19 . The method according to claim 18 , further comprising the act of:
coordinating an operating phase of the reformer, including a starting phase during which the chronological progression of the adsorption/desorption behavior of the HC adsorber, as a function of the reformate gas temperature, which rises in the starting phase with respect to the time, and/or a temperature gradient of the reformate gas occurring in the starting phase, with the chronological progression of the operating behavior of the consuming device such that a significant desorption of hydrocarbons from the HC adsorber takes place only when the consuming device is in an operating condition in which the desorbed hydrocarbons are processed by the consuming device such that at least one of the hydrocarbon fraction of the gases expelled by the consuming device and a function of the consuming device is not significantly influenced by the desorbed hydrocarbons.
20 . The method according to claim 18 , wherein the consuming device comprises at least one of an exhaust gas aftertreatment system, an internal-combustion engine and a fuel cell.
21 . The method according to claim 19 , wherein the consuming device comprises at least one of an exhaust gas aftertreatment system, an internal-combustion engine and a fuel cell.
22 . The method according to claim 18 , wherein the coordination act of the adsorption/desorption behavior of the HC adsorber as a function of the reformate gas temperature takes place by at least one of a suitable selection of the material of the HC adsorber and a suitable positioning of the HC adsorber.
23 . The method according to claim 18 , wherein the reformation process comprises at least one of a partial oxidation process, a steam reformation process, a CO 2 reformation process, and a cracking process.
24 . The method according to claim 18 , wherein the hydrocarbon-containing fuel converted by way of the reformation process is liquid and contains one of: gasoline, diesel, military fuels, kerosene biodiesel, alcohol, and oxygenated fuels.
25 . The method according to claim 18 , wherein the HC adsorber has at least one of activated carbon and a substance with a pore structure functioning as a molecular sieve.
26 . The method according to claim 25 , wherein the molecular sieve is formed of zeolite.
27 . The method according to claim 18 , wherein, at an inversion temperature of the reformate gas, the adsorption of the hydrocarbons from the reformate gas is compensated by a desorption of the adsorbed hydrocarbons to the reformate gas, and further wherein the adsorption predominates below the inversion temperature and the desorption predominates above the inversion temperature.

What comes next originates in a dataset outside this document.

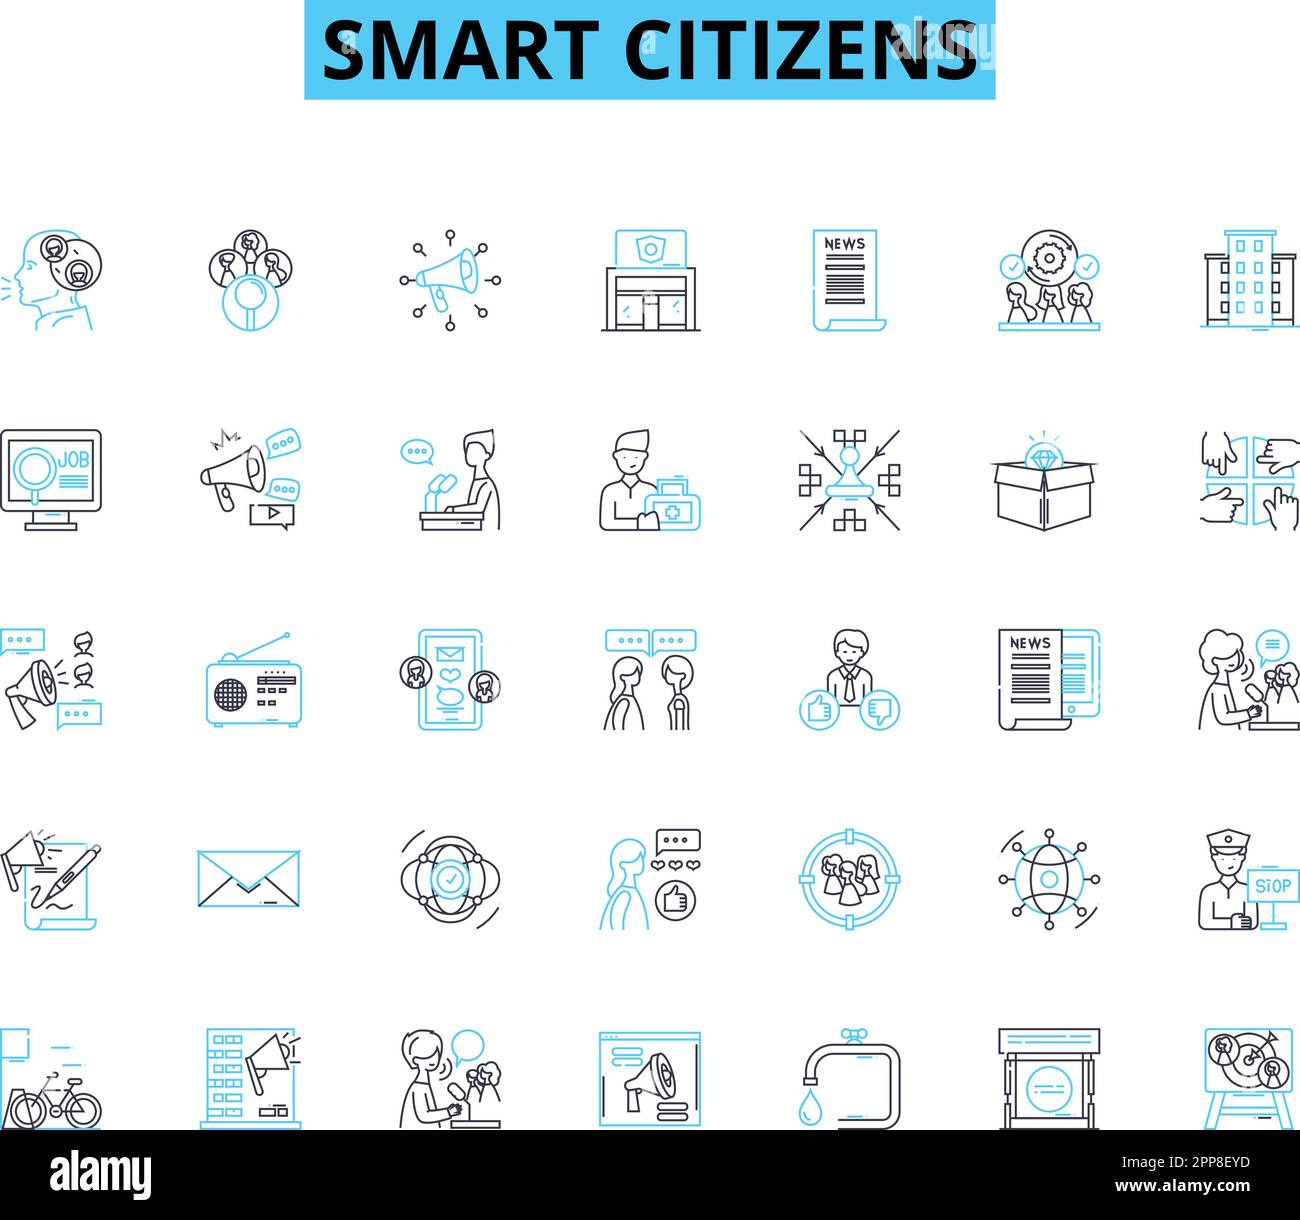 Smart citizens linear icons set. Connected, Digital, Innovative, Aware, Proactive, Collaborative, Engaged line vector and concept signs. Efficient Stock Vector

28 . The method according to claim 27 , wherein the reformation process occurs after a starting phase in a temperature equilibrium, during which the reformate gas assumes a constant equilibrium temperature, the inversion temperature of the HC adsorber being selected lower than the equilibrium temperature of the reformate gas, and/or the adsorption capability of the HC adsorber for hydrocarbons.
29 . The method according to claim 28 , wherein hydrocarbon species contained in the reformate gas have a maximum temperature 100° C. which is low relative to the equilibrium temperature.
30 . The method according to claim 18 , wherein hydrocarbons adsorbed at the HC adsorber at a temperature of the reformate gas above an evacuation temperature desorb without delay and completely to the reformate gas.
31 . The method according to claim 30 , wherein, at a temperature of the reformate gas below the evacuation temperature, previously adsorbed hydrocarbons of the HC adsorber are desorbed to the reformate gas at a rate which is low relative to the desorption rate above the evacuation temperature.
32 . The method according to claim 18 , wherein the reformate gas flows through a heat exchanger for reducing the temperature of the reformate gas, before and/or during the adsorption or desorption of the hydrocarbons.
33 . The method according to claim 18 , wherein at least a portion of the reformate gas is branched off from the reformate gas current before an adsorption or desorption of the hydrocarbons, and is fed to a consuming device comprising an exhaust gas aftertreatment system, the branching-off taking place before and/or after the reformat gas passes through the heat exchanger.Cited by (0)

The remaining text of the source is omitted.